Section 3 seems to be missing "Time Based Loss Detection" section but the pseudocode uses kUsingTimeLossDetection.



Section 3.4.7.3

"It
   is part of QUIC's time based loss detection"
ER is listed in Ack-based detection in section 3.2.2.



Section 4
"QUIC's congestion control is based on TCP NewReno[RFC6582] congestion
   control to determine the congestion window and pacing rate."
Looks like pacing is addressed in the editors copy already and this sentence has been modified to not reference pacing as part of NewReno.
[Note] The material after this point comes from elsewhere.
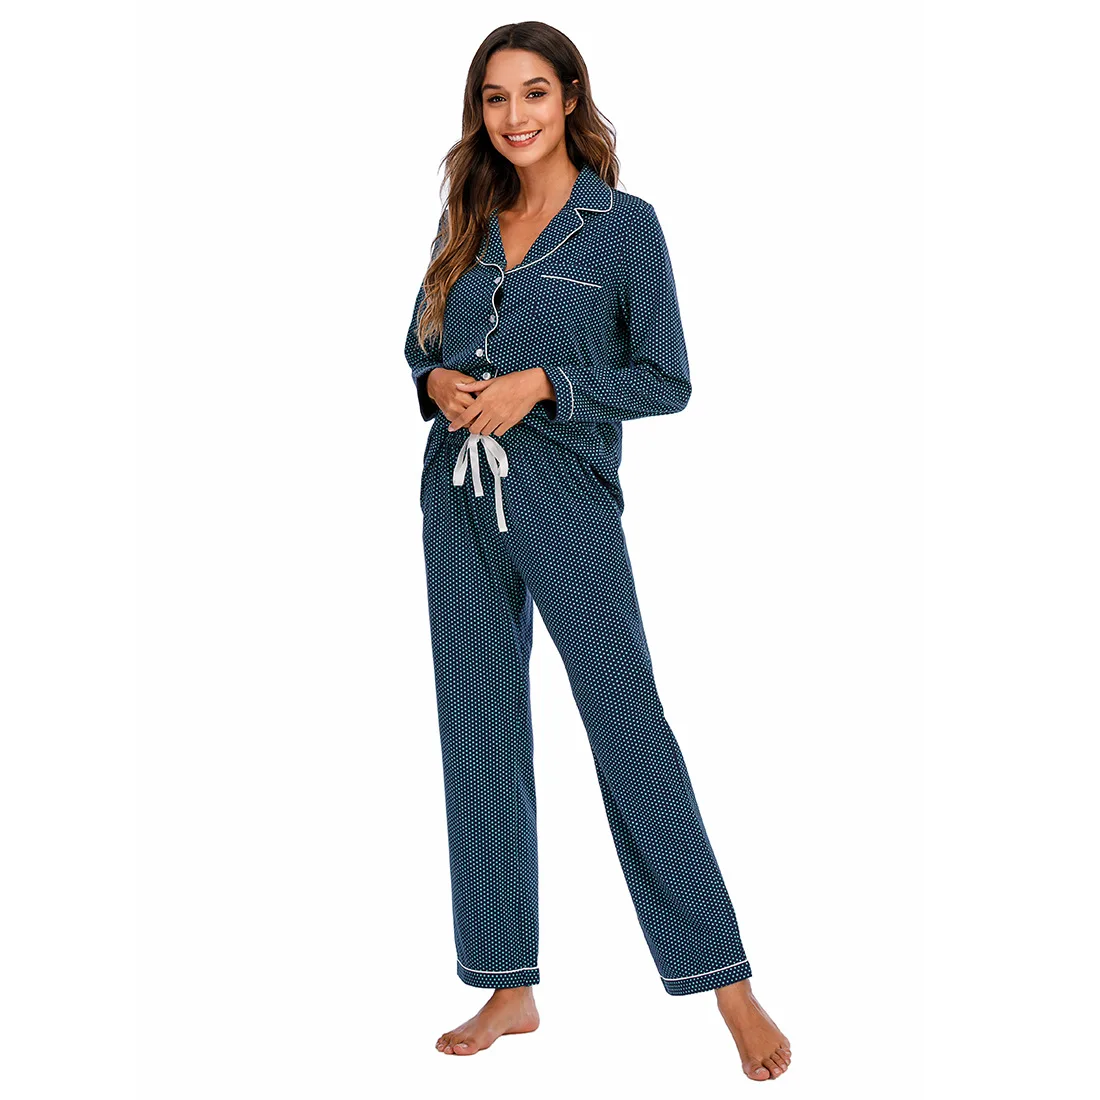 SWOMOG Women’s Pajamas Set Long Sleeve Sleepwear with Long Pants Soft Modal Loungewear Pj Set

Section 4.6 in Editor's copy
"It is RECOMMENDED that a sender pace sending of all data"
I think we will have to mark it a MUST for safety. Since QUIC increases the congestion window by the number of  acknowledged bytes when each ack is processed and there is no ABC limit, not having pacing will cause burst losses. OR maybe we should just call out the problems by not pacing. Thoughts?

Section 4.3
"from TCP's definition of recovery ending when the lost packet that
   started recovery is acknowledged"
I saw the discussion on this in the mailing list. I think we should call out that while QUIC can as a result drop the cwnd multiple times if there is sustained loss, this definition of recovery exit primarily serves to ensure the cwnd is dropped only once per RTT. Is there any other side effect I am missing?


Section 4.6
"In order to fairly compete with flows that are
   not pacing, it is recommended to not pace the first 10 sent packets
   when exiting quiescence."
This is now not in the Editor's copy so I assume this is not required. Is there a quiescence check in gQUIC? Does Linux TCP consistently pace throughout?


Section 4.7.1.
"kDefaultMss"
I think we should just have kMss and have that used everywhere and initialize kMss to max(kDefaultMss, "PMTU discovery MSS").